The Goan Inquisition ran for some 200 years, from around 1560 to 1770. It took place mainly in Goa, on the West Coast of India, and condemned Hindus, Jains, some Muslims and Catholics alike. It is often referred to as "The Great Rigour" in Portuguese records and was, according to the accounts I've been reading, a whole lot worse than the Inquisitions taking place in Europe. There was an elaborate informer system (if you reported an infidel, heretic and / or 'a bad Catholic' you were entitled to half their property upon them being found 'guilty', the other half going to the church). There was the regular locking up and tortuing to the point of death, without any bother to enquire or charge with a crime. Hindus were made to destroy their temples with their own hands, on a very wide scale. Taxation laws changed. Laws governing dress, music, food and other social activities were changed. The bit that's relevant to my amily history is that they (my ancestors) had already converted to Catholicism, but retained their traditional Hindu dress, social circle and diet. The Portuguese were not quite satisfied even with this and subject many of our community to these horrors. As a result there was a great flight of Catholic Indians down the coast because, although they were happy to be Catholic - they wanted to hold onto the Indian part of their identity also. BTW - This all follows an early flight from northern India when the Mughals arrived on the scene, although for quite different reasons.
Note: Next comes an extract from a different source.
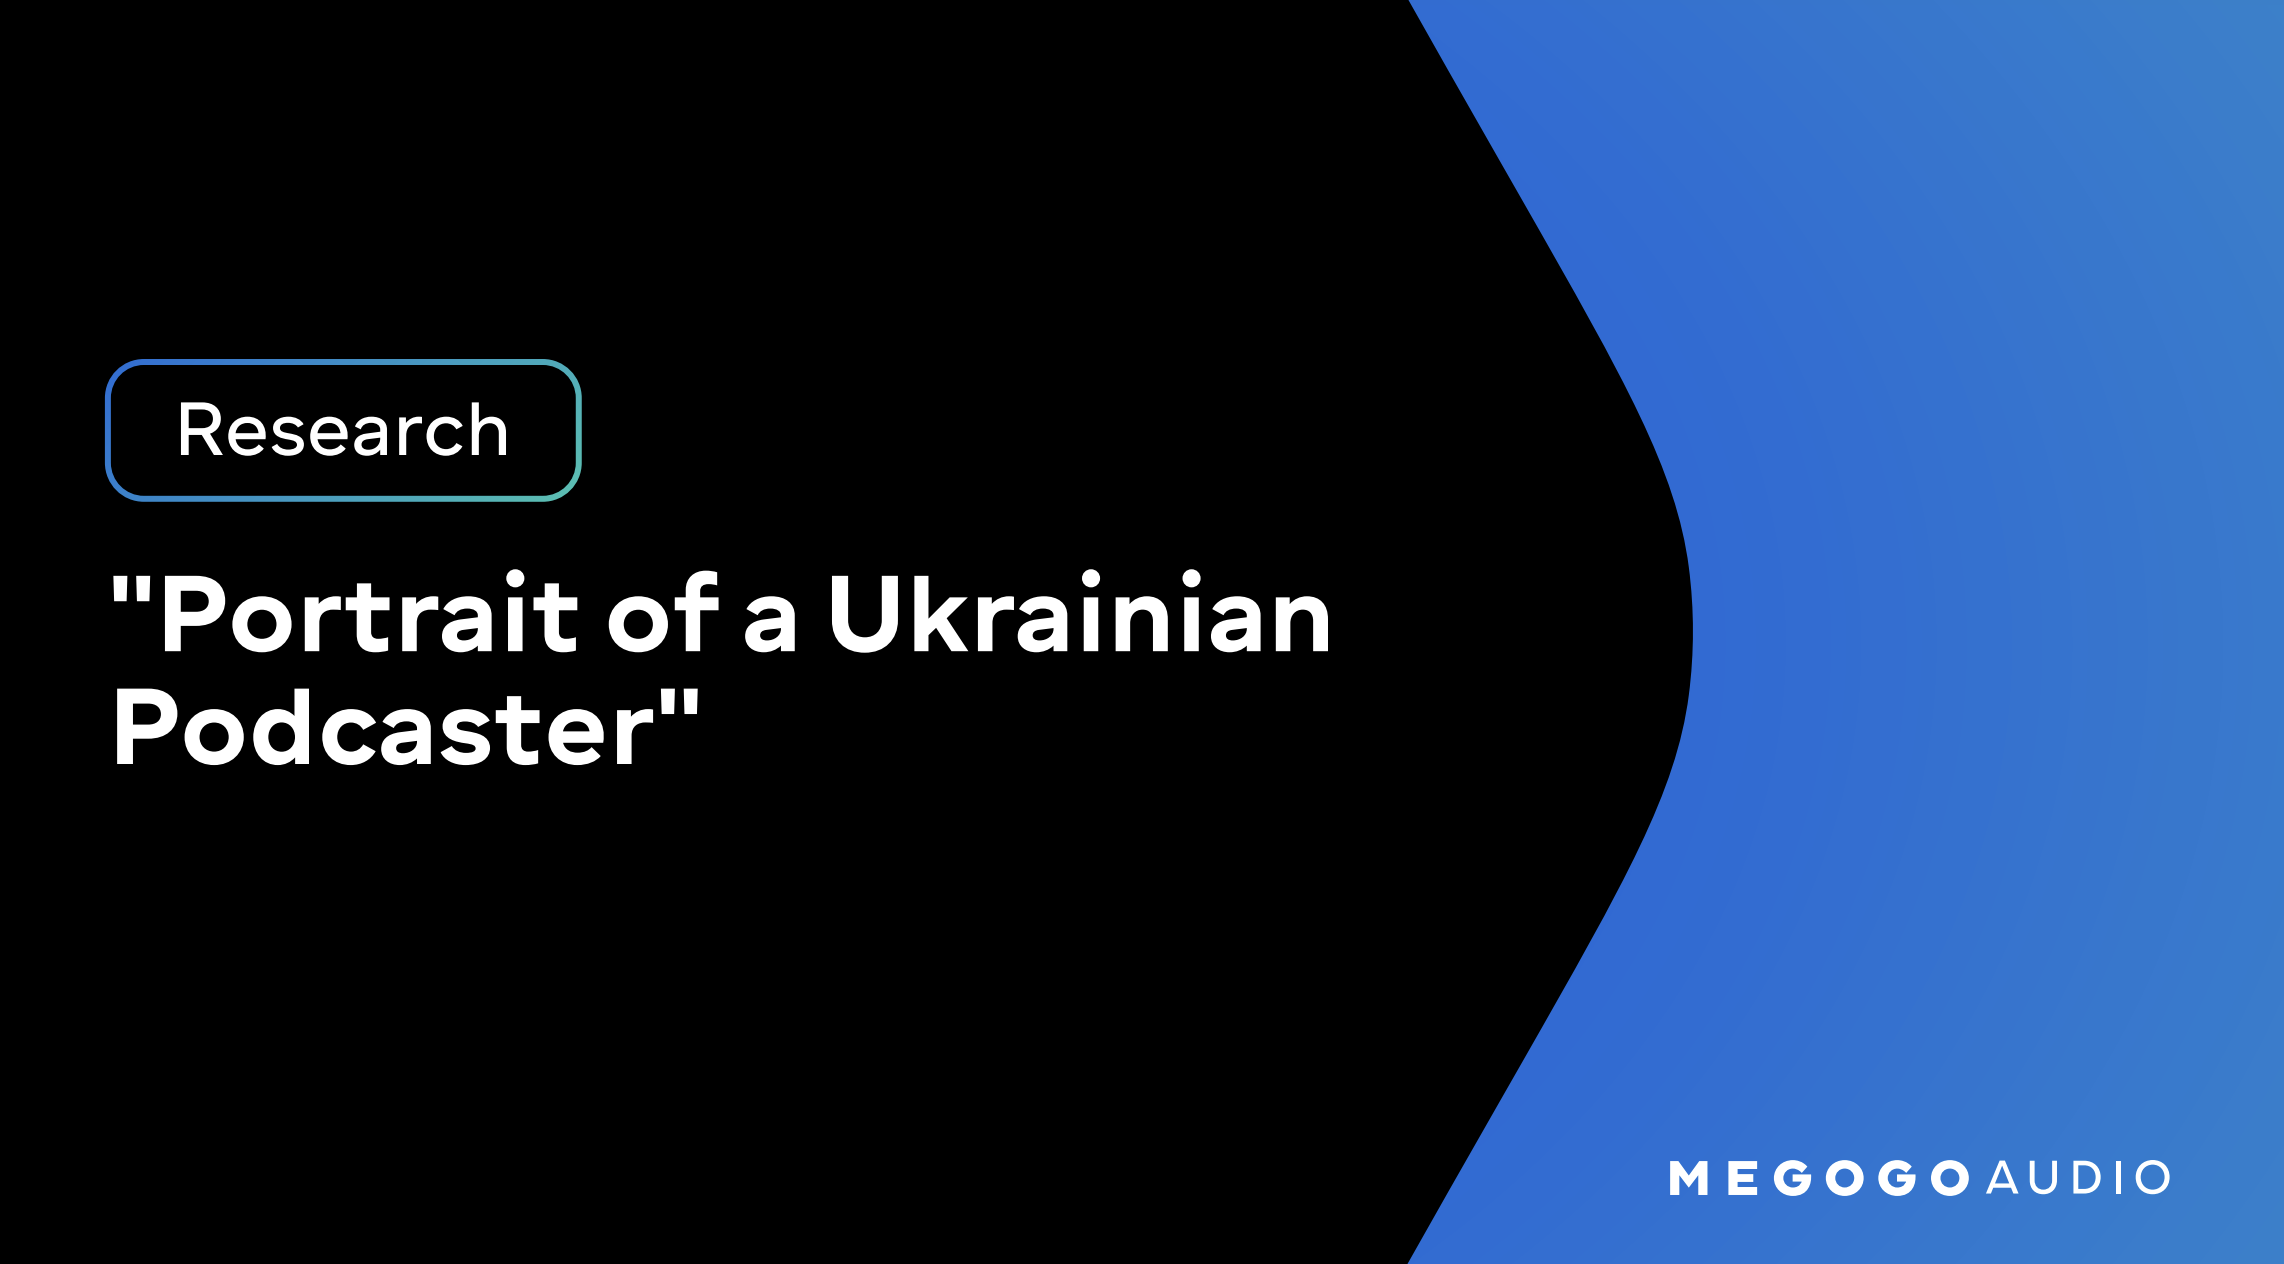 ウクライナのポッドキャスト市場が急成長、MEGOGOが調査結果を発表

@ Luc: You sir are the show off. And I am the flippant little so-and-so who was just saying hi in a wierd way :crazyeye: .
 
All Quiet On the Western Front

Anyone know whether this is a good book or not? We have to read it for AP English.
 
Thanks on the Goan Inquisition info,Rambuchan.It sounds like the elite in that particular society did a good social engineering on making the masses fighting amongs each other.Definately a course in how keeping order on the masses if u ask me.
 
CartesianFart said:
Hmm,never admired Kant for what he did in Ethics and his other writings.Ever read,'The Birth of Tragedy Out of the Spirit of Music',By Neitzche?I always like to use this material to publicaly speak my contempt of the Hip Hop Music that New York [MTV and other various print publication of the genre]like to fabricate and produce image against the values of the Midwest.Even if my friends and coworkers get tired of it;)
While not being a Kantian,I have an high opinion of Kant for several reasons, and it is my humble opinion that if more people on this forum was familiar with him we could have avoided all those tedious, pointless, flame-infested religion vs. science threads.
I am familiar with the works of Nietschze as well, and somewhere I have an essay I wrote about his relevance as a culture diagnostic of today's "neoliberal" society.
Now what about that for a show off. Mr. Rambuchan?:D
Rambuchan said:
@ Luc: You sir are the show off.
Care to explain why, sir?
About the film Name of the Rose. I did a great mistake. I read the novel before I saw it. That novel is just as good as our resident show-offer Ram claims it to be.:p Because of that I didn't likethe film much. But Ron Pearlman was good as Salvatore.
 
Ron Pearlman is the most underrated actor of any given day,indeed.

and Kant can be tedious and methodical too on the subject of morality.